DATASET EXTRACT:

-*-

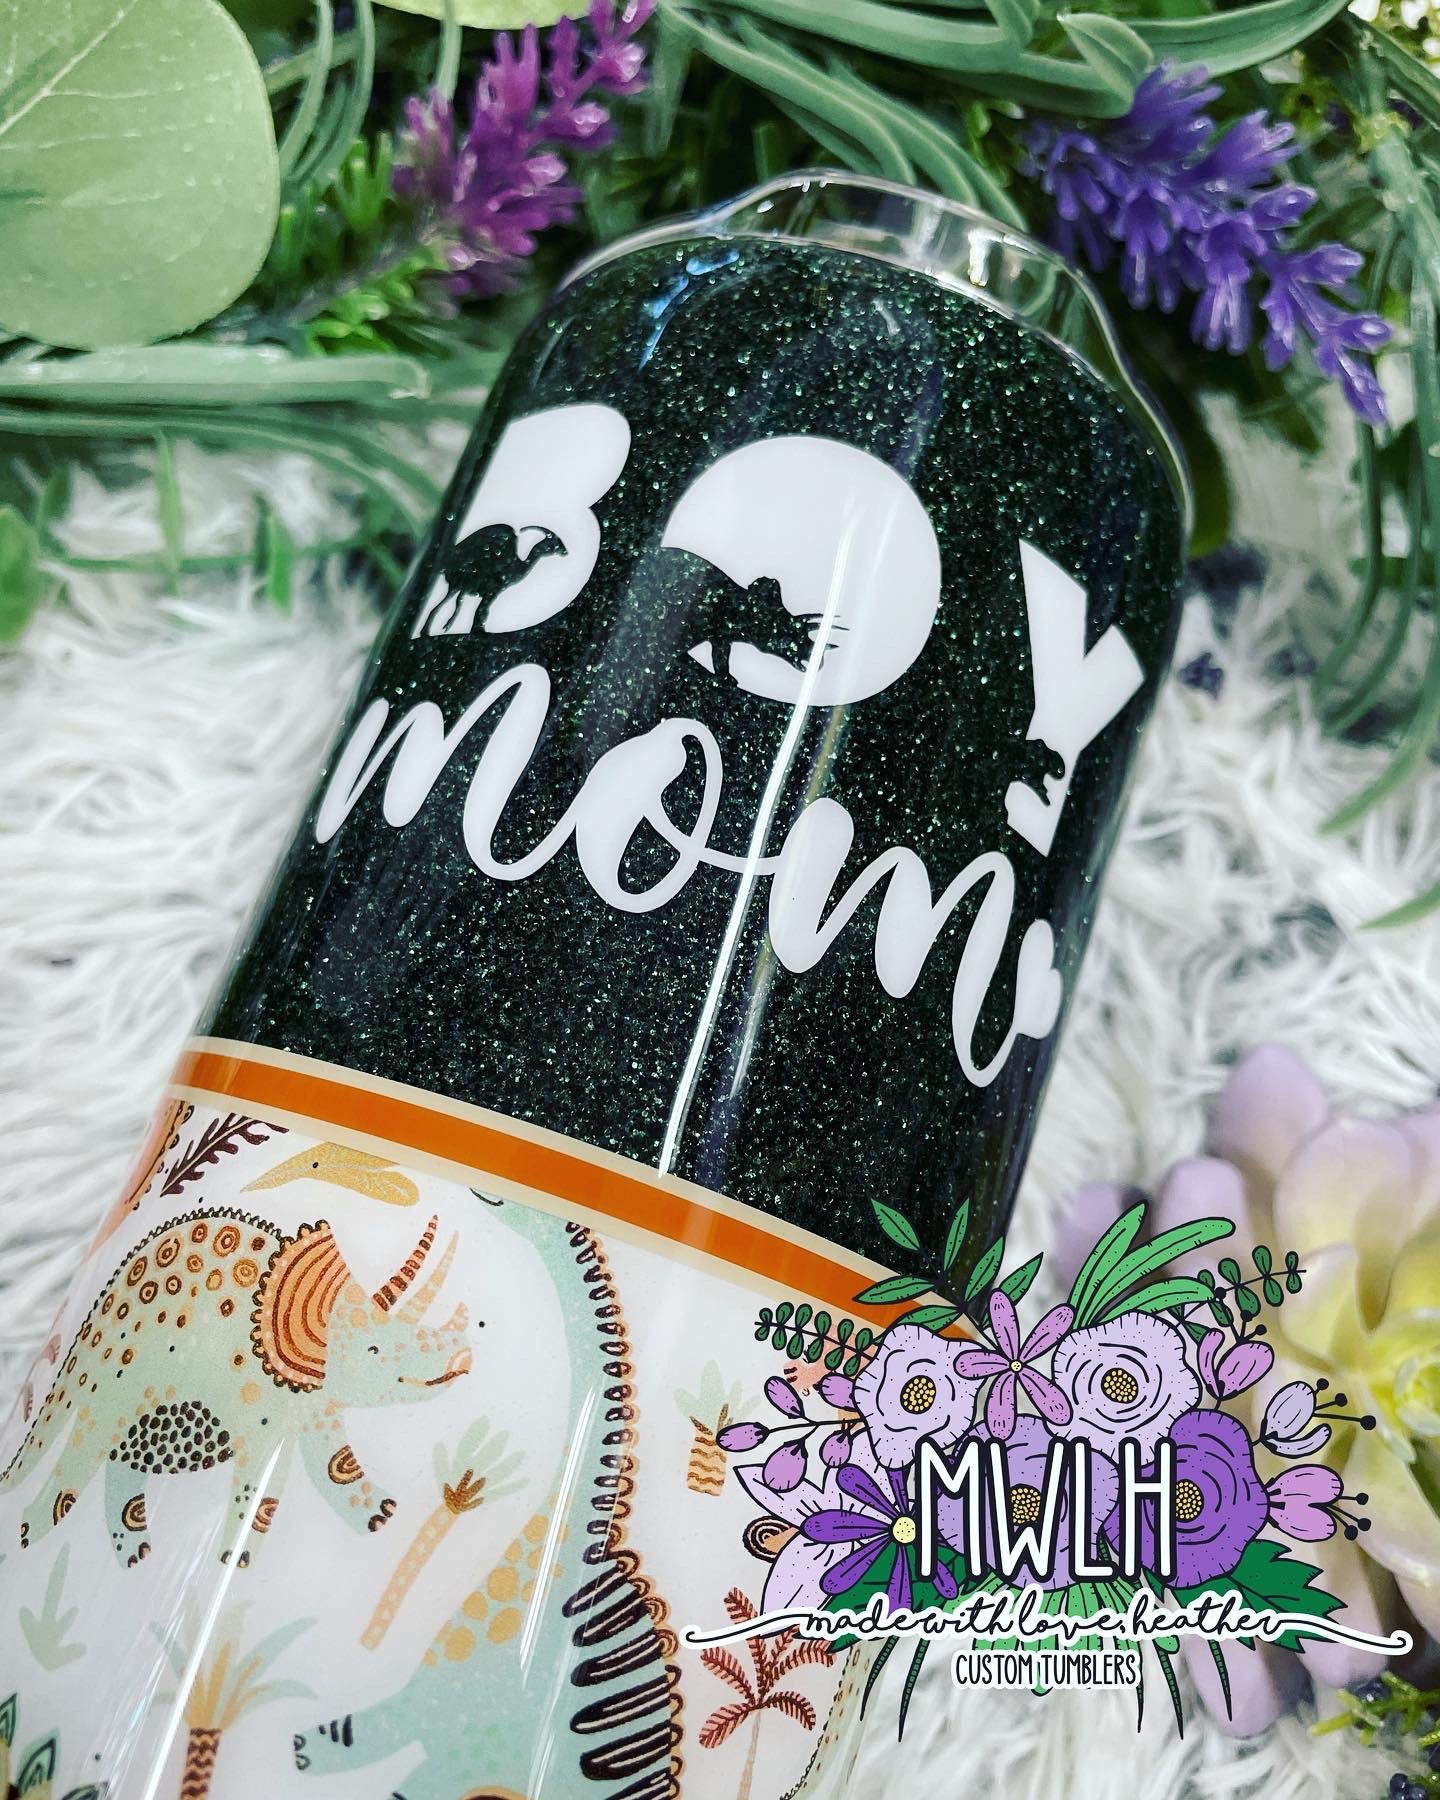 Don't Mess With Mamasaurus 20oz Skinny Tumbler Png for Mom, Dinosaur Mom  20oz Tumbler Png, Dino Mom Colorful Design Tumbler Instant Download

-*-

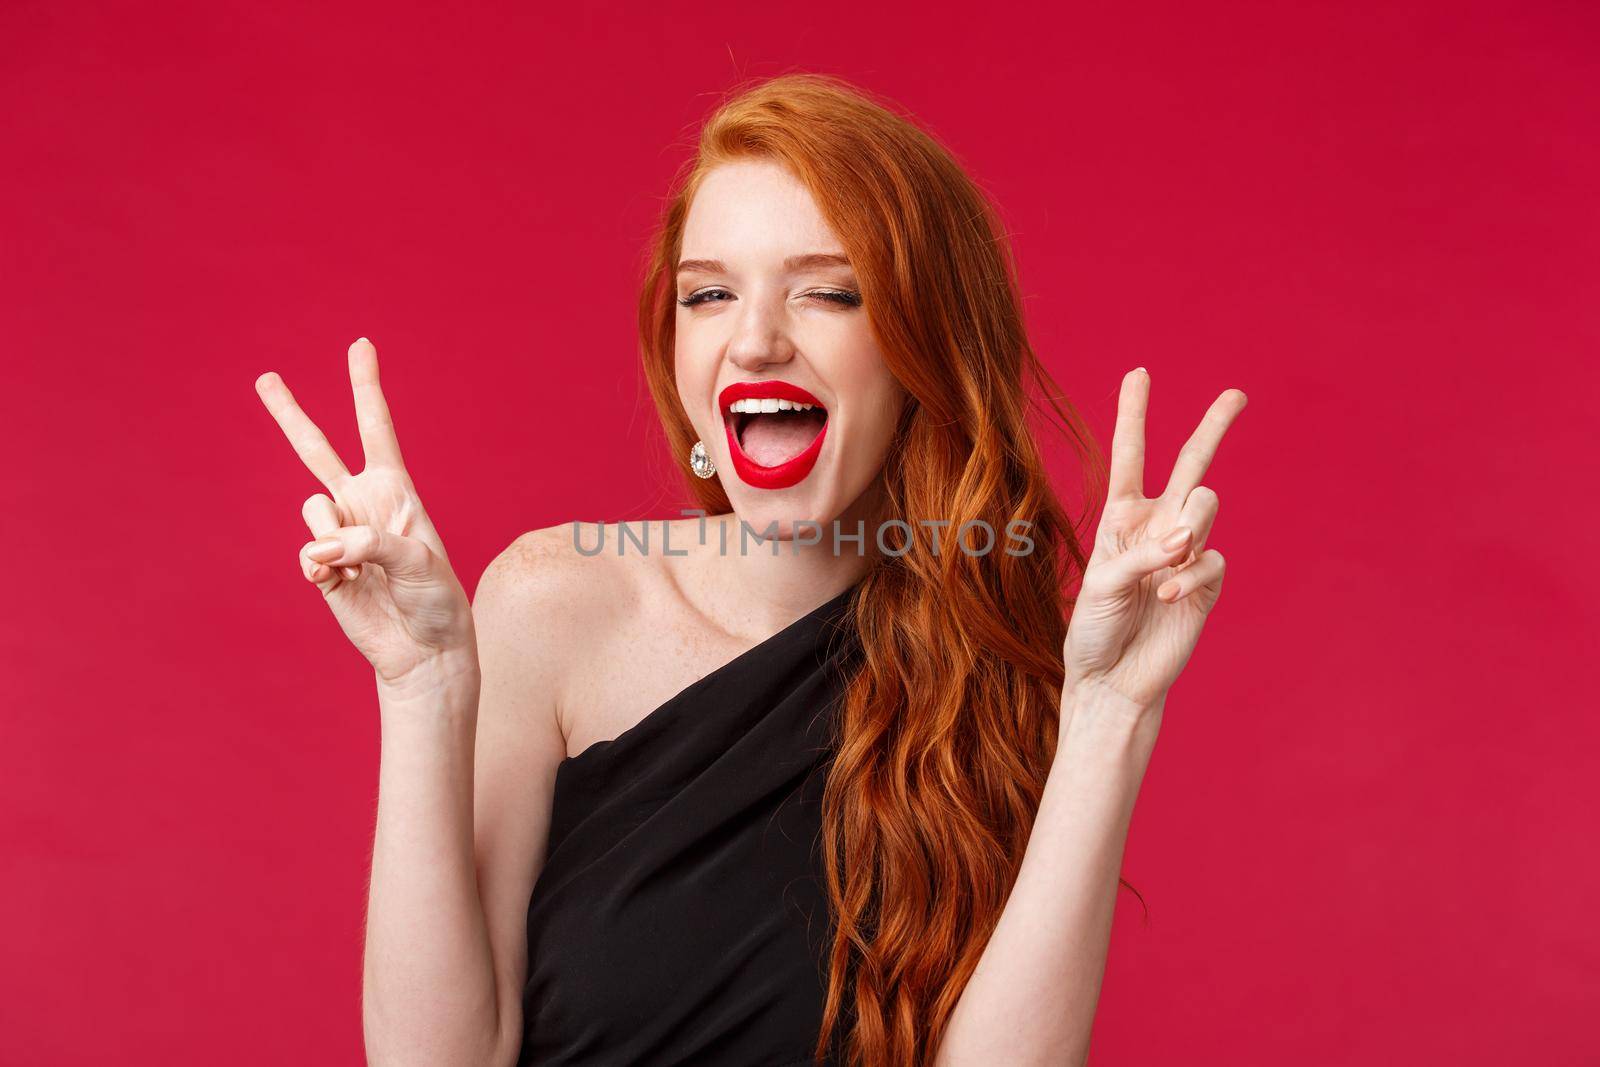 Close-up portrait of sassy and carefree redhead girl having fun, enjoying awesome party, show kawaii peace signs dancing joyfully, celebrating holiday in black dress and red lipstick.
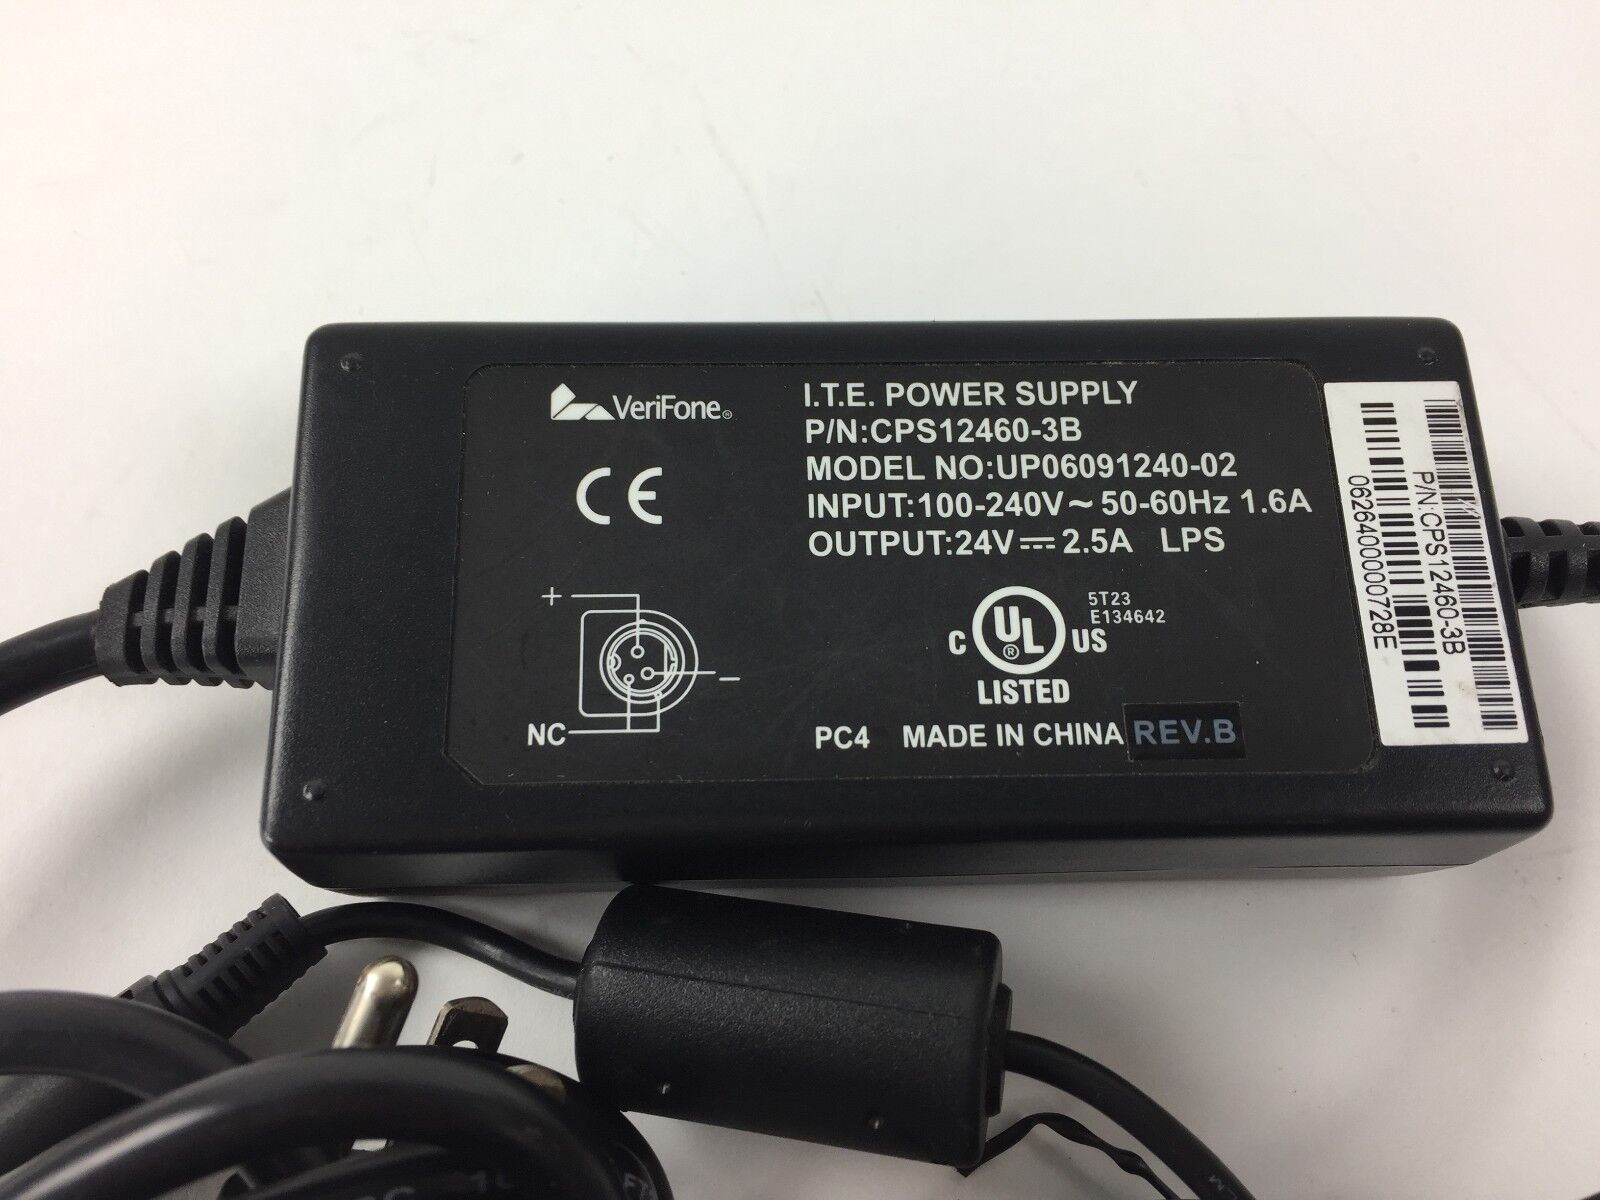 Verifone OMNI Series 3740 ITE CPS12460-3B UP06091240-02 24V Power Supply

-*-

WORK REQUEST: Set the pictures aside and retype exactly the lines above from the line with "Close-up portrait of" to the line with "Verifone OMNI Series", both included, adding no others.

SOLUTION TO THE EXERCISE:
 Close-up portrait of sassy and carefree redhead girl having fun, enjoying awesome party, show kawaii peace signs dancing joyfully, celebrating holiday in black dress and red lipstick.
 Verifone OMNI Series 3740 ITE CPS12460-3B UP06091240-02 24V Power Supply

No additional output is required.